··· Data section

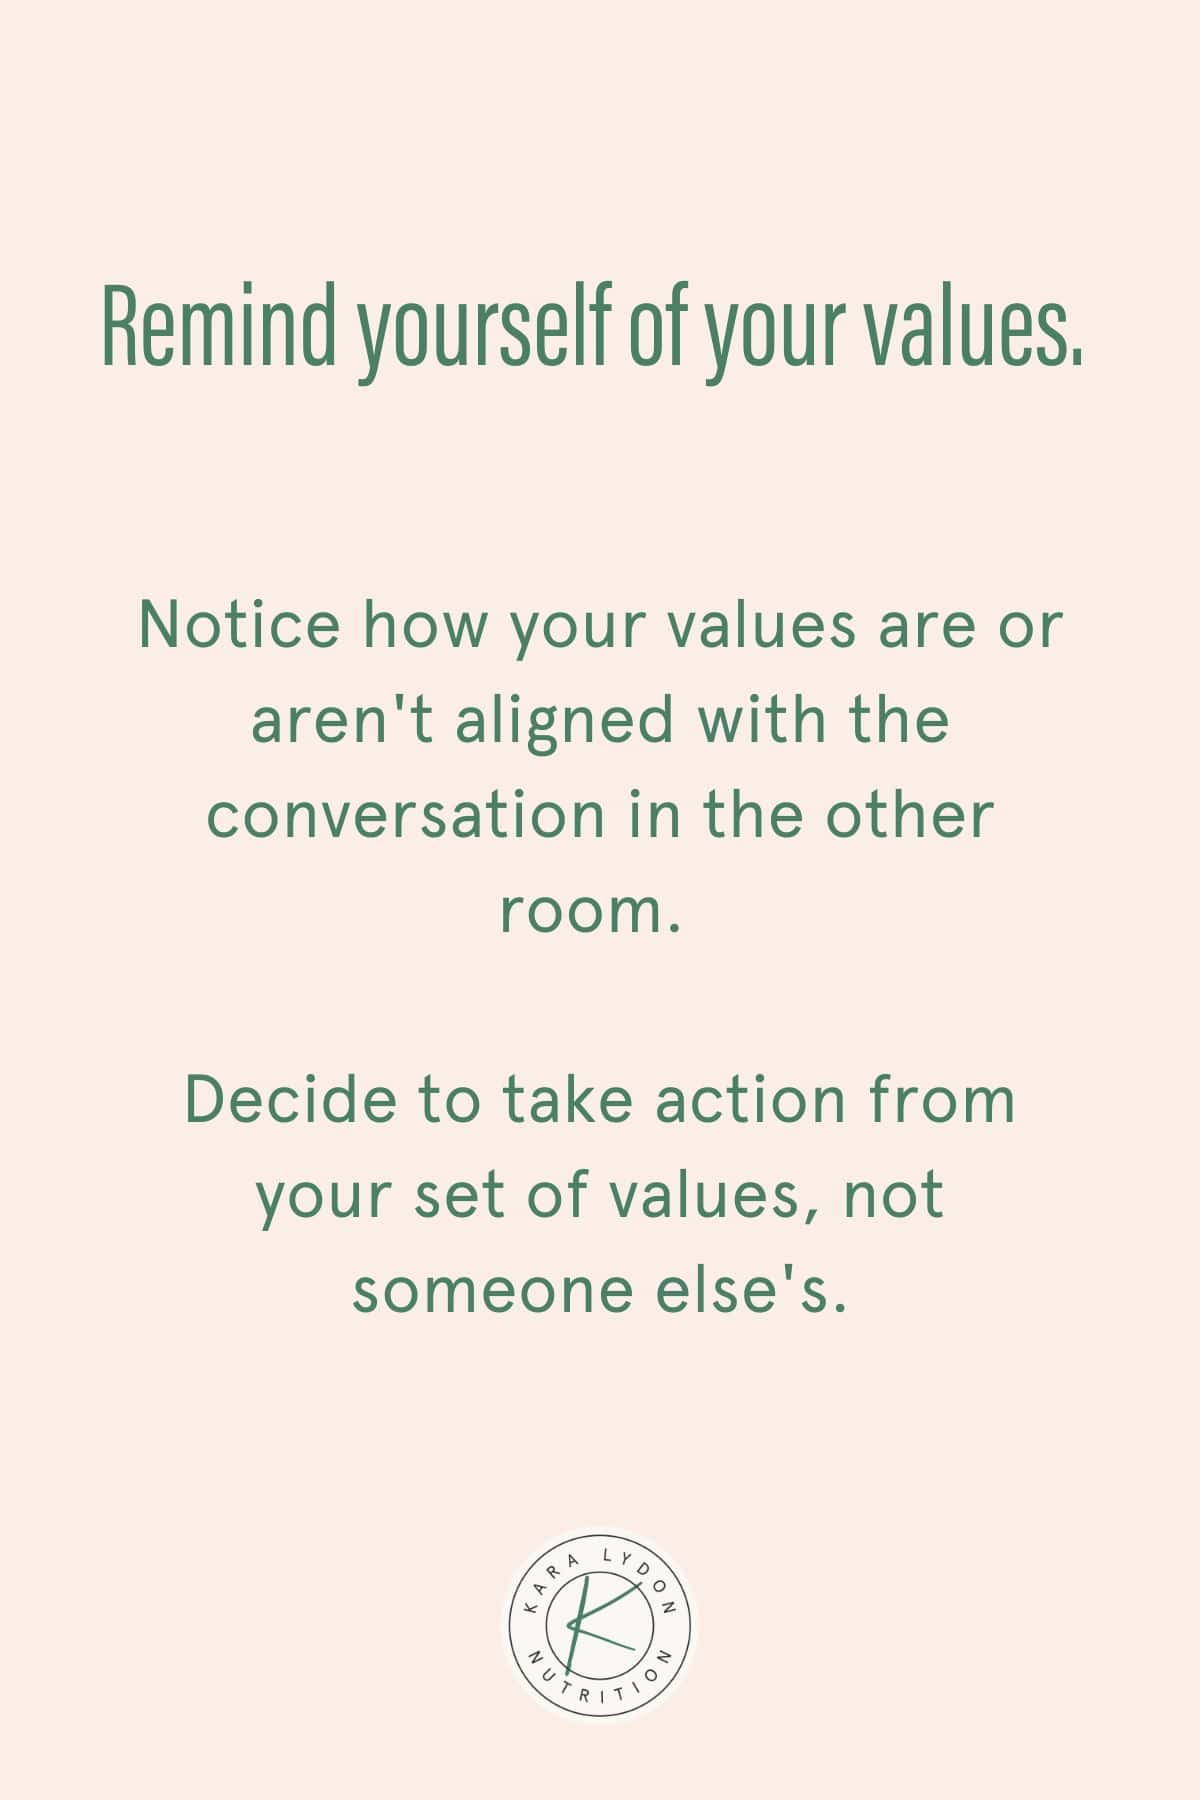 Graphic with quote: "Remind yourself of your values.  Notice how your values ​​are or aren't aligned with the conversation in the other room.  Decide to take action from your own set of values, not someone else's."
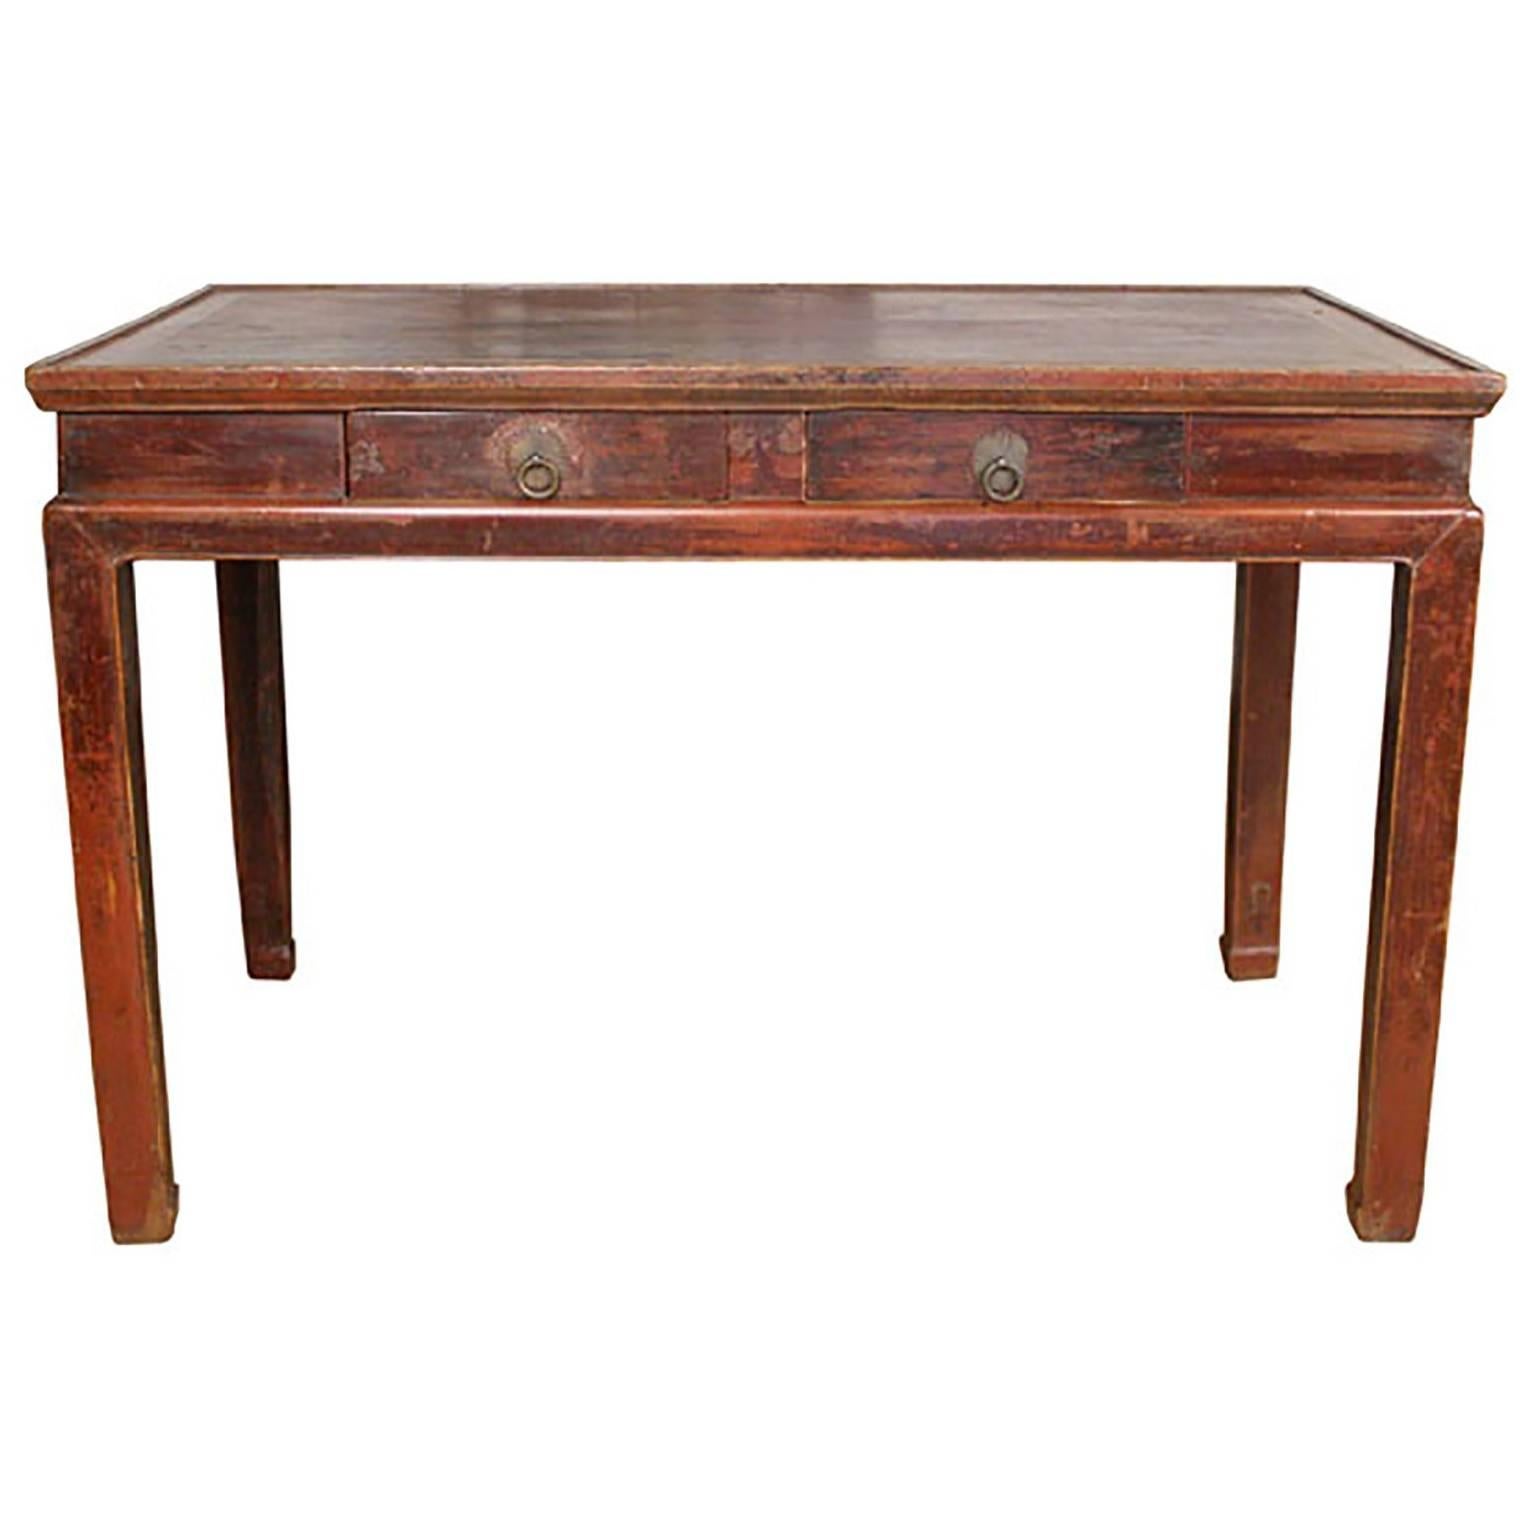 Early 20th Century Chinese Lacquered Desk
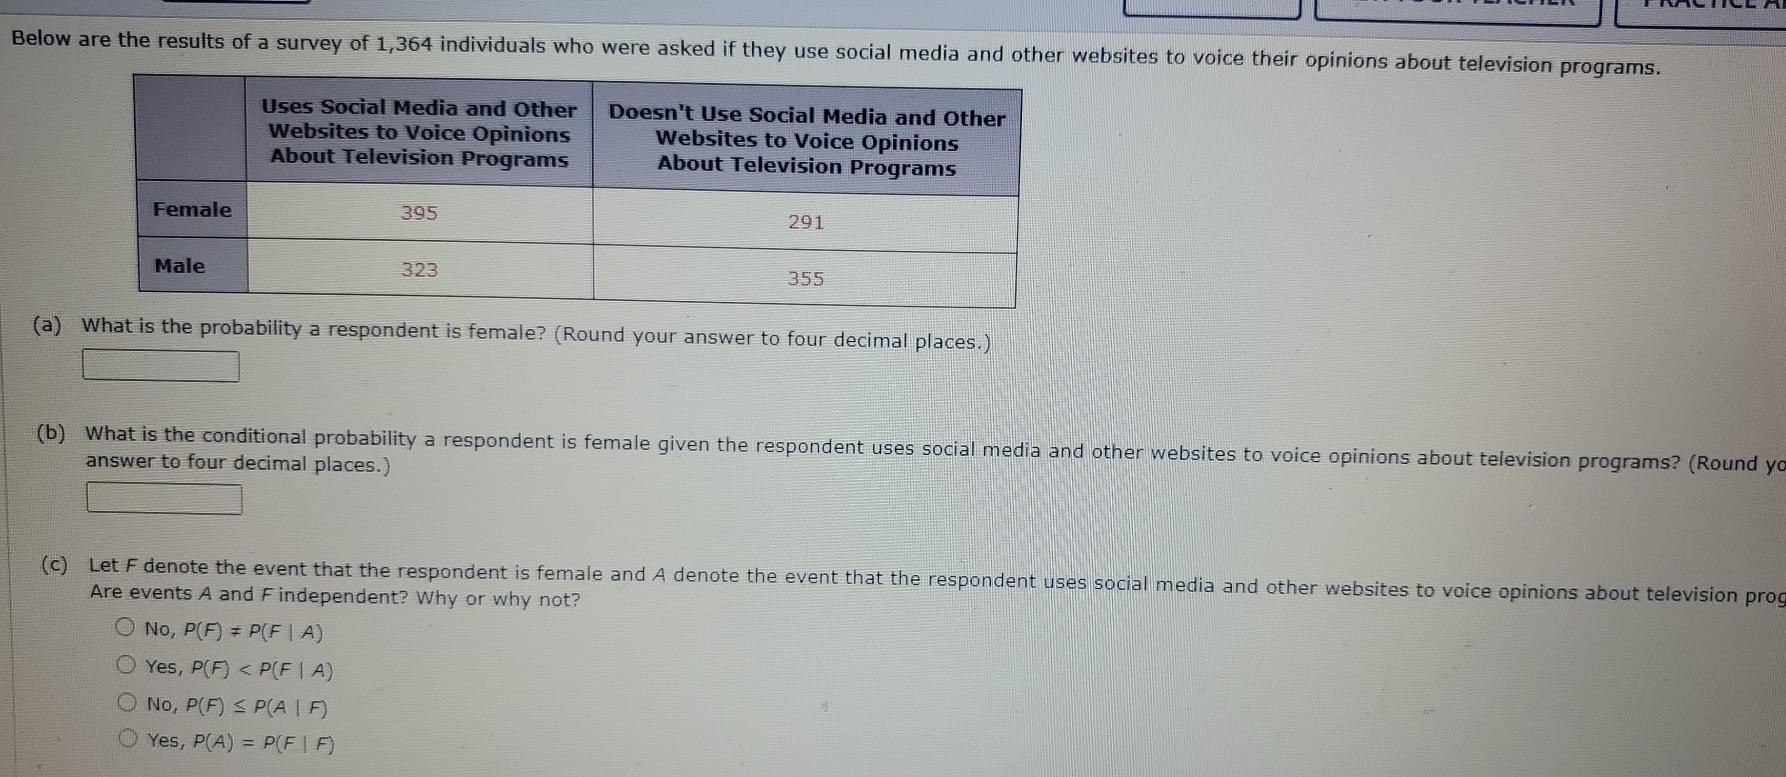 Below Are The Results Of A Survey Of 1 364 Individuals Who Were Asked If They Use Social Media And Other Websites To Voi 1

······

**Work required:**
For every line above, produce an exact transcription that omits the images.

**Result below:**
 Graphic with quote: "Remind yourself of your values.  Notice how your values ​​are or aren't aligned with the conversation in the other room.  Decide to take action from your own set of values, not someone else's."
 Early 20th Century Chinese Lacquered Desk
 Below Are The Results Of A Survey Of 1 364 Individuals Who Were Asked If They Use Social Media And Other Websites To Voi 1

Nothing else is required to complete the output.